2.3. Role of Reducing Sugars in Dormancy

The aldehyde functional group in reducing sugars can also partake in redox reactions on basis of electron transfer. Glucose is generally broken down during cellular respiration via an electron transport chain involving oxidative phosphorylation. It has also been observed that some relevant changes occur to glycolysis during dormancy, where glucose may be converted into pyruvate, generating small amounts of adenosine triphosphate (ATP) and nicotinamide adenine dinucleotide (NADH) [5]. A total of the eight enzymes are involved in glycolysis, all of which were identified as expressed proteins during a study involving endodormancy breaking in pears [5]. An additional label-free quantitative proteomics study also indicated the central role of glycolysis where many enzyme driven processes (six enzymes: enolase, triosephosphate isomerase, fructosebisphosphate aldolase, alcohol dehydrogenase, glyceraldehyde 3-phosphate dehydrogenase, and 3-phosphoglycerate kinase) are upregulated during the dormancy stage in terminal poplar buds [26]. In the same study, 74 significantly altered proteins were identified, most of which are involved in carbohydrate metabolism (22%), redox regulation (19%), amino acid transport and metabolism (10%), and stress response (8%) [26]. On the other hand, glycosylation can significantly improve the solubility, stability, and bioactivity of phenolic compounds. Such processes may also occur in view of the high number of phenolic compounds/metabolites found in the buds of cherry blossoms [27]. Sugars and other compatible solutes exert cryoprotective properties and accumulate during frost hardening [12]. In this same context, a recent report details the role of abscisic acid and sucrose as two important metabolites that can help to identify the date of endodormancy release in sweet cherries [1]. Based on this background, the next targeted group of redox metabolites was identified as reducing sugars.
A quantification method using HPLC equipped with an evaporative light-scattering detector was established and complemented by identification and verification via HPTLC. Information regarding the latter is given in the supplementary information (Supplementary Figure S4). The provided data show the derivatization with the aniline diphenylamine o-phosphoric acid reagent and visualization with white light illumination, with UV at 366 nm as well as the HPTLC-ESI+-MS spectra of the main sugars. Initially, only the reducing sugars glucose and fructose were found in the bud samples at different milestones. After the end of ecodormancy stage (t1*), maltose was also identified. Figure 5 shows the composition of the reducing sugars at the different developmental milestones as determined by HPLC. The detailed course of weekly and developmentally orientated changes to the content of reducing sugars is given in the supplementary Figure S5. Consistent trends for the different phenophases can be elucidated for all three seasons: the content of glucose and fructose initially decreases to reach the lowest values (20–32 mg∙g−1 DW) in vicinity of the LF indicating the beginning of endodormancy. Subsequently, their content increases during endodormancy and ecodormancy to reach maximum values during the phase t1–t1* (2014/15–DOY 27 = 80 mg∙g−1 DW; 2015/16–DOY 5 = 66 mg∙g−1 DW; 2016/17–DOY 24 = 55 mg∙g−1 DW; supplementary Figure S5). From t1* to SB, there is a decrease in the content of reducing sugars. Then, after the visually perceptible ontogenetic development of sweet cherry buds, SB–OC, a marked increase in the content of reducing sugars is observed. This data reveals that there is a highly regulated metabolism of glucose until LF, confirming the observations made in other studies regarding glycolysis during dormancy [5,26]. Subsequently, an accumulation of reducing sugars is initiated, eventually resulting from breakdown of oligo- and polysaccharides (LF–t1*). With the initiation of photosynthesis (accompanied by an increase in the content of the chlorophylls; Figure 6), their synthesis is again revived. Concluding this part, the lowest content of reducing sugars was found at LF and maltose is unfortunately no marker for t1*, because it starts to increase significantly after t1* at (2015/16) or after SB (2014/15, 2016/17) [1].
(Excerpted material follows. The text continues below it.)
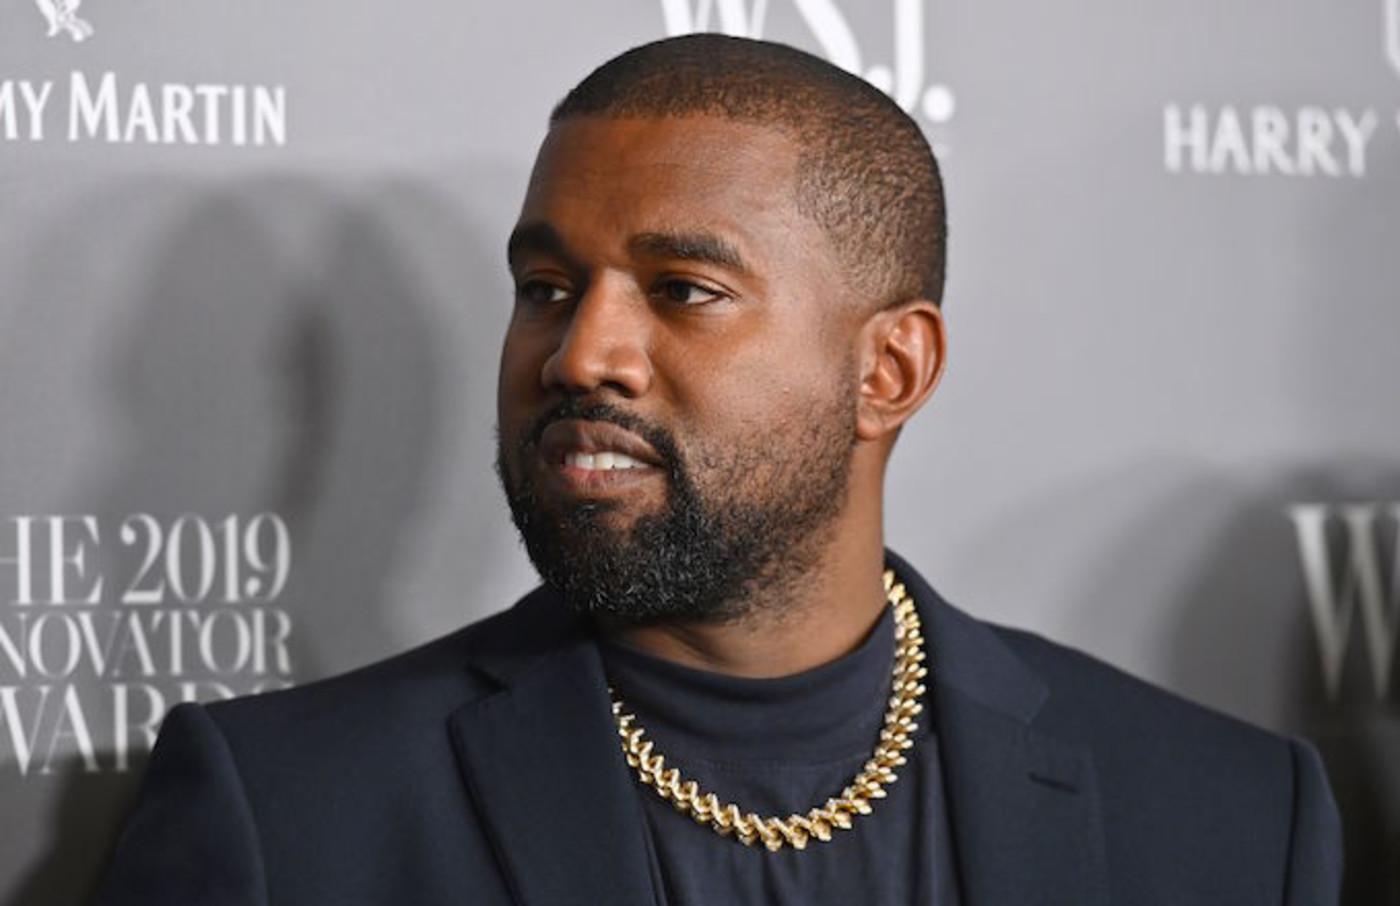 Kanye West attends the WSJ Magazine 2019 Innovator Awards.

2.4. Role of Fat Soluble Redox Metabolites in Dormancy

The investigations until now has been limited to redox metabolites with high to medium polarity, now a few selected more hydrophobic metabolites with reported potential antioxidative properties will be considered such as carotenoids [28] and chlorophyll derivatives [29]. In this context, abscisic acid has also been discussed as one of the central regulators of bud dormancy [3] and its biosynthesis appears to be well connected to the carotenoid pathways with participation of neoxanthin and violaxanthin as precursors [30]. In this context, it was also recently shown [6] that the results of the analysis for the content of neoxanthin and violaxanthin in the seasons 2014/15 to 2016/17 were unaffected over the different phases endo- and ecodormancy and their individual contribution to ABA synthesis was not clearly discernible.
The composition of the main carotenoids and chlorophylls during the course of the development stages were determined by HPLC and only data on selected milestones are shown in Figure 6. Their content remained more or less constant during the different stages of dormancy (para-, endo- and ecodormancy) until t1*. Subsequently, with the beginning of visually perceptible ontogenetic development in sweet cherry buds (SB–OC), their content increases sharply similar to that of chlorophylls (Figure 6). The participation of lipophilic metabolites in the redox processes during dormancy remains largely incomplete, since our focus was limited to redox metabolites with high to medium polarity.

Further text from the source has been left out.